AMES, Dorothea V., RIGGS, Stanley R., CULVER, Stephen J. and MALLINSON, David J., Department of Geological Sciences, East Carolina University, Greenville, NC 27858,

In response to the increasing conflict between coastal land use and ongoing shoreline recession, the NC Legislature passed the Coastal Area Management Act (CAMA) in 1974. This act established the Coastal Resources Commission (CRC), the purpose of which was to develop policies, implement rules, and designate areas of environmental concern, based upon scientific data and recommendations from their Science Panel on Coastal Hazards. The conflict continues today as coastal development and shoreline recession proceed apace. Coastal development is increasingly dependent on highways located on vulnerable segments of wetlands and barrier islands at risk to storm dynamics as sea-level rises. In 2010, the CRC commissioned the Science Panel to write a report on expected sea-level rise in NC by 2100. One conclusion of this report, utilizing peer-reviewed scientific literature, was that a sea-level rise of 1 m by 2100 is likely. When this conclusion was presented, a storm of protest arose from developers and legislators resulting in a law that establishes a four-year moratorium on sea-level rise policy development and instructs the Science Panel to write an updated sea-level rise report by 2016.

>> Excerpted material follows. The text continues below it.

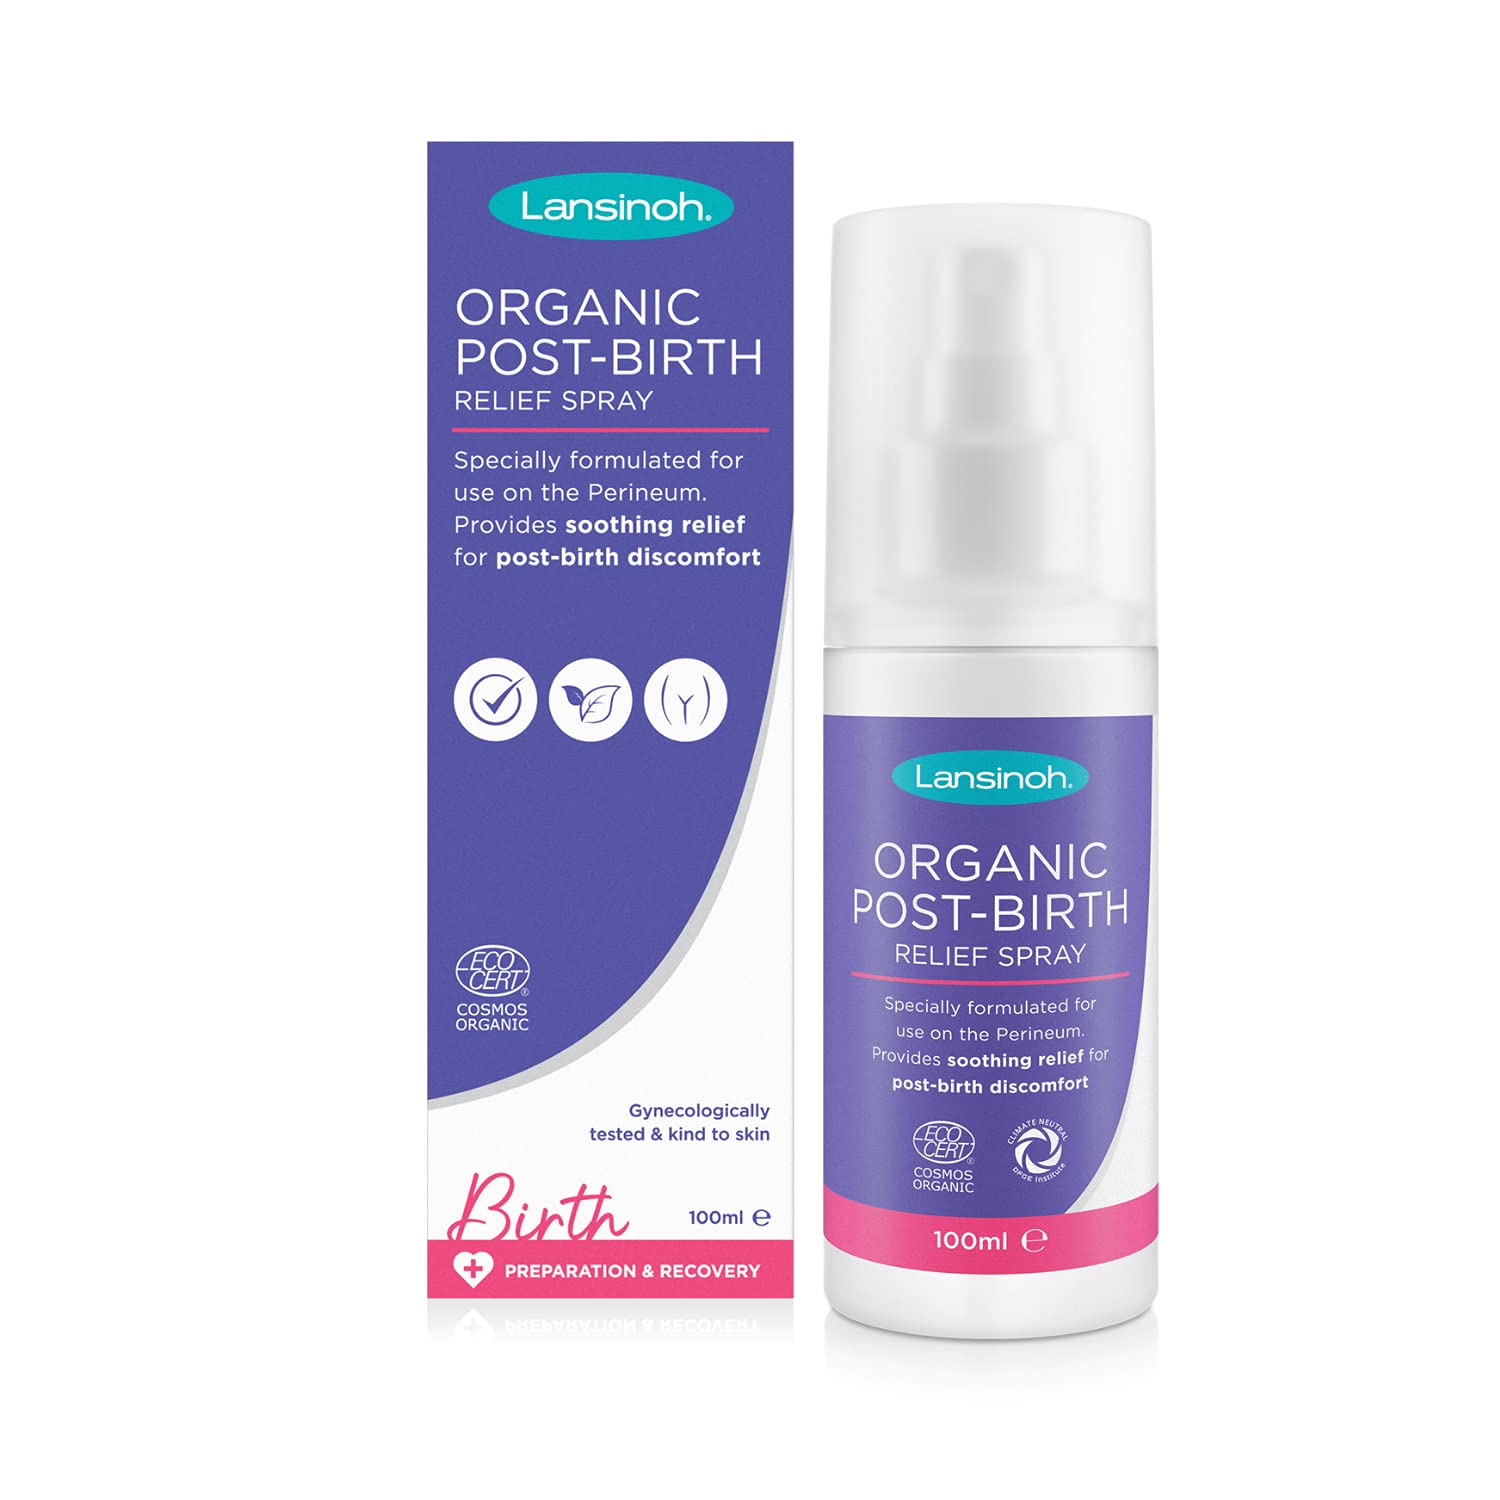 Lansinoh Organic Post-Birth Relief Spray - 100ml Spray Bottle Postnatal Relief Spray for Recovery Natural Ingredients Soothing Formula to Soothe After Birth, Clear, (Pack of 1)

To avoid such counterproductive confrontations, a new paradigm for the coast, specifically for transportation and tourism in northeastern NC, must be conceived. Such a paradigm is one that can channel the aspirations of the coastal tourism industry in a manner harmonious with predicted sea-level rise. The "Land of Water Coastal System” for NE NC offers such a paradigm. The region includes the drowned-river estuaries and associated marsh and swamp-forest wetlands of the Inner Banks, and the barrier islands of the Outer Banks. Multiple transportation alternatives by land, water, and air are envisioned; such alternatives would stimulate new industries, and serve as additional modes of transportation in support of failing highways. Public policy based on such a paradigm would protect coastal resources and help reduce hazards from storms while offering a viable future for the tourism industry and for the livelihoods of the residents who depend on it.